Il Basso Egitto restituisce ben 110 tombe che coprono un arco temporale lunghissimo di quasi 2500 anni, dalla preistoria agli Hyksos. La scoperta archeologica è avvenuta nel sito di Kom al-Khaljan, governatorato di Daqahliya, nella zona Delta, dove opera la missione archeologica guidata da Sayed Al-Talhawi. Le 110 tombe scoperte risalgono a tre diverse civiltà: la civiltà del Basso Egitto conosciuta come Bhutto/Buto 1 (3900-3700 a.C.) e Bhutto/Buto 2 (3700-3350 a.C.), la Civiltà di Naqada III (3500-3150 a.C.) e il secondo Periodo intermedio noto come periodo Hyksos (1720-1530 a.C.). “Questa scoperta”, ha spiegato Mustafa Waziri, segretario generale del Consiglio supremo delle antichità, “dà un importante contributo alla conoscenza storica e archeologica del sito: delle tombe trovate, 68 risalgono al periodo della civiltà del Basso Egitto, cinque tombe all’era di Naqada III e 37 tombe all’era di Hyksos. Siamo convinti che gli scavi continueranno a rivelare altri segreti di questa regione”. La missione ha anche scoperto una collezione di forni, stufe, resti di fondamenta in mattoni di fango, vasi di ceramica e amuleti, in particolare scarabei, alcuni dei quali erano fatti di pietre semipreziose e ornamenti come orecchini.

Una tomba a fossa ovale con sepoltura accovacciata scoperta nel sito di Kom al-Khalian, nel Delta, e risalente alla civiltà di Buto (foto ministry of Tourism and Antiquities)
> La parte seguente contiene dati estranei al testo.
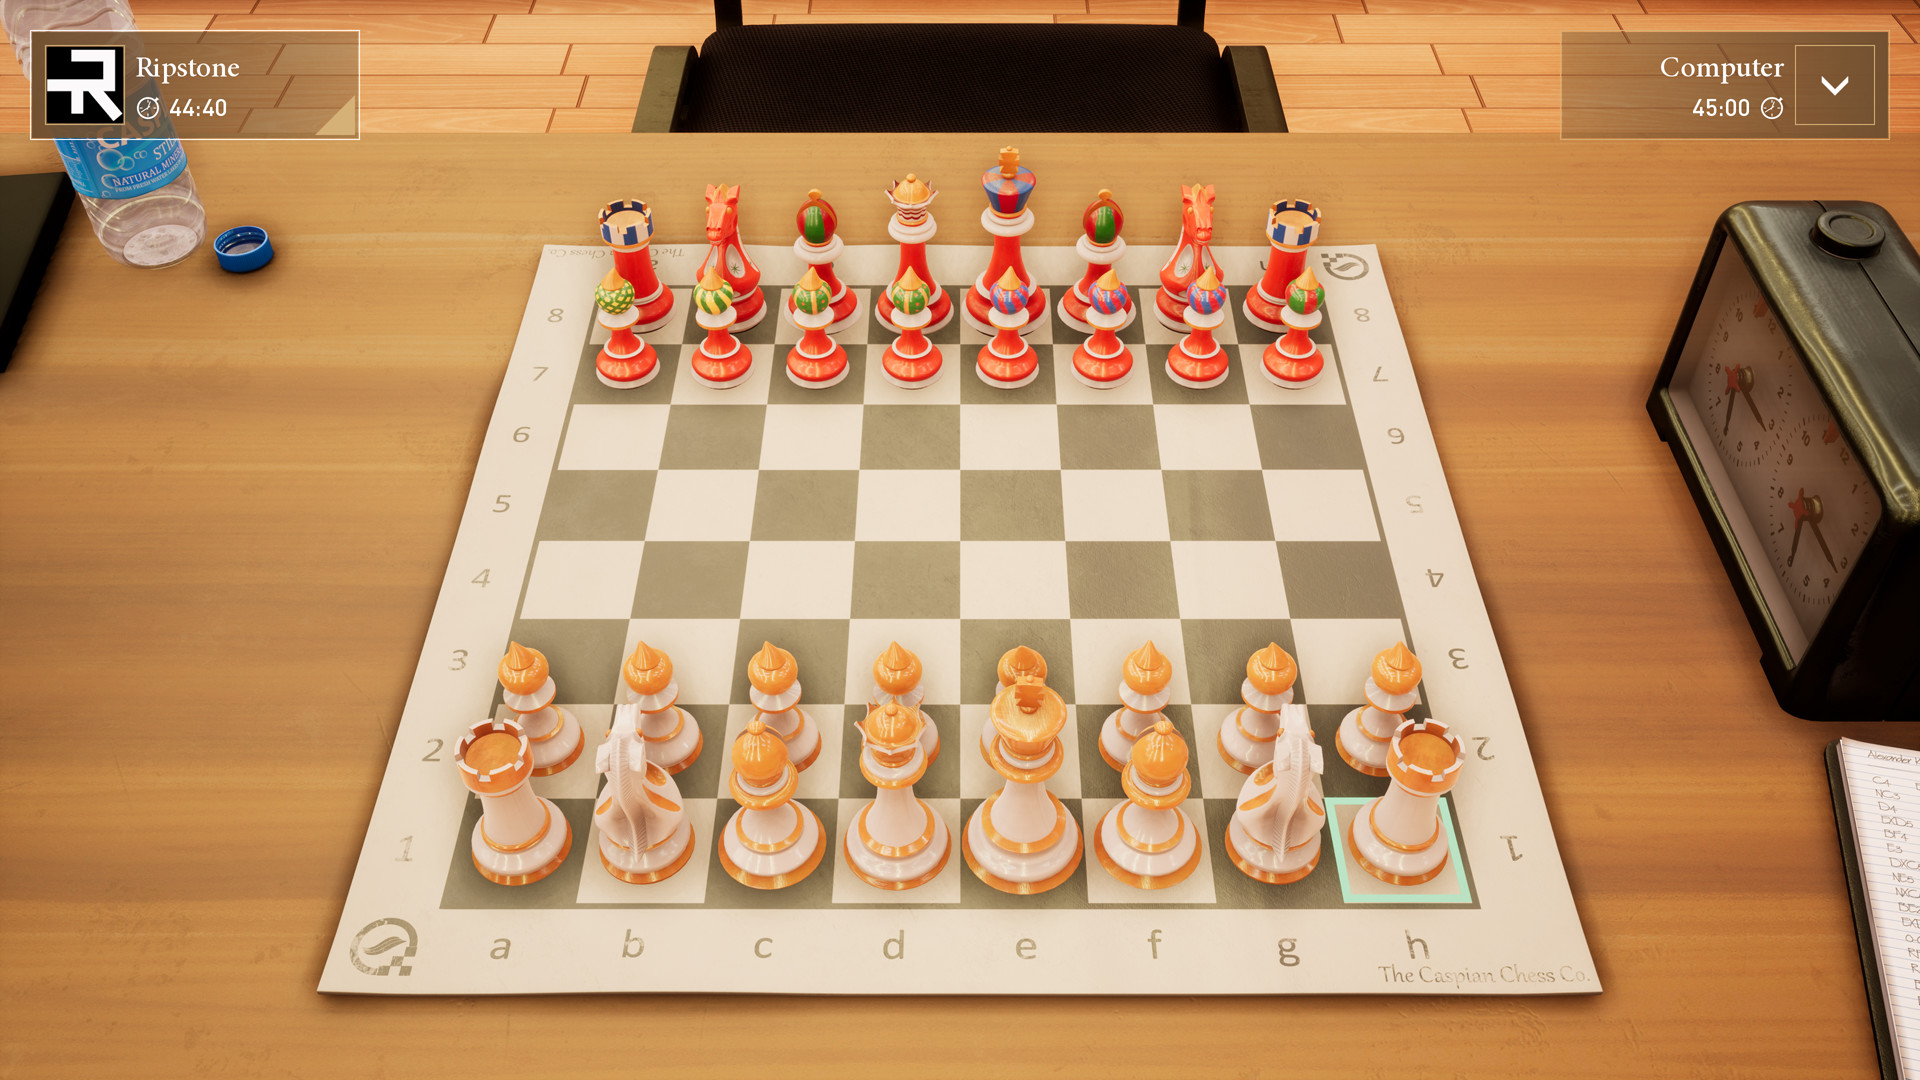 Chess Ultra X Purling London Nette Robinson Art Chess on Steam

Tombe della civiltà di Buto. “Le 68 tombe”, ha aggiunto Ayman Ashmawi, capo del settore delle antichità egizie dello Sca, “sono fosse di forma ovale scavate nello strato sabbioso dell’isola deltizia e contengono persone sepolte in una posizione accovacciata, la maggior parte delle quali giaceva sul lato sinistro con la testa rivolta verso Ovest. Sono state anche scoperti i resti di un bambino sepolto all’interno di un vaso di argilla del periodo Bhutto 2, insieme a un piccolo vaso di argilla sferico”.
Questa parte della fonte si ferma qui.